1) My dataset consists of a 10-wave survey in which some survey questions
were only asked in the final 2 waves. As a block matrix it looks like this
A M
B C
where all values in block M are structurally missing and not of interest.
I want to impute the missing values in blocks A, B, and C. I could
either a) run amelia on the full dataset, b) split it into two datasets,
one with A and B, the other with only C, or c) split it into two
overlapping datasets, one with A and B, the other with B and C. I'm
hesitant to use the full dataset because including block M increases the
missingness from 25% to 55%, but I don't know if there are theoretical
objections to the other two approaches. What do you suggest?

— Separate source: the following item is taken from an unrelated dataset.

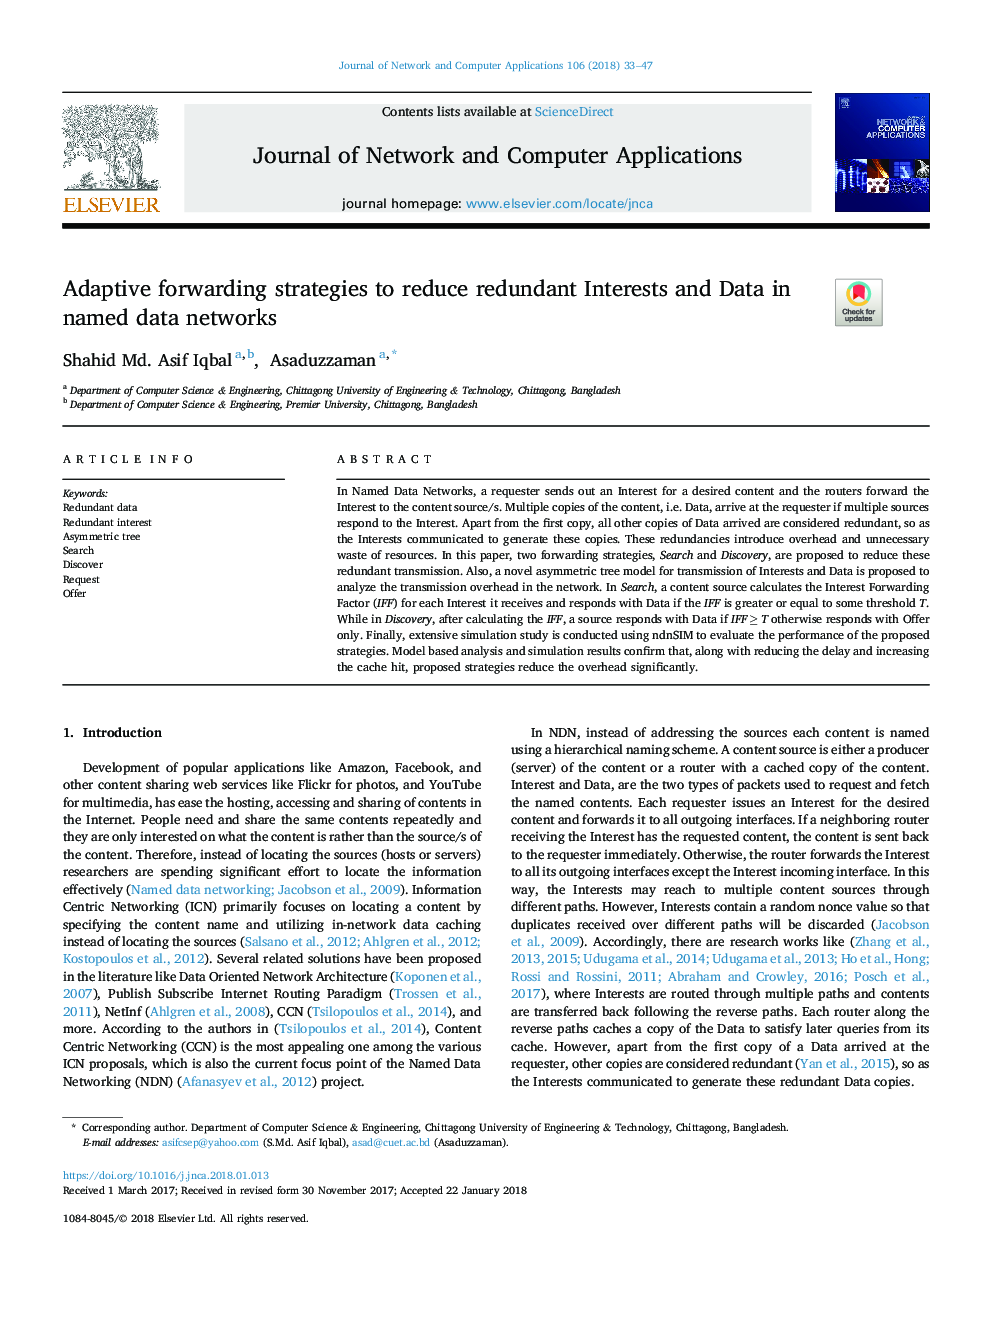 Adaptive forwarding strategies to reduce redundant Interests and Data in named data networks

There isn't a correct answer here, but your suggestions are reasonable. I'd
mainly just make sure that the imputation model fits the data. that will
enable you to pick an approach. (You might also have a look at this
<https://gking.harvard.edu/files/abs/not-abs.shtml> somewhat related paper,
but I'd still use Amelia rather than coding it up separately.)
2) In my analysis, I examine the interaction between treatment and
ideology. I run treatment*(ideology>4) in one regression, but I also try other
models with ideology>5, 6, etc. to see if the cutoff makes a difference.
For Amelia, would it be sufficient to include a continuous
treatment*ideology column in my data, or do I need to dichotomize this
column in Amelia as well (and hence run Amelia multiple times, once for
each cutoff)?
you definitely want to include at least as much information in the
imputation model as in your analysis model.
3) In order to get bootstrapped confidence intervals in my analysis, I
bootstrap the original data 1000 times and then run Amelia (with m=5) on
each bootstrapped dataset before analyzing. Although the original dataset
works just fine, the bootstrapped versions throw errors about 1/3 of the
time: first a few hundred "chol(): given matrix is not symmetric" warnings
followed by a "inv_sympd(): matrix is singular or not positive definite"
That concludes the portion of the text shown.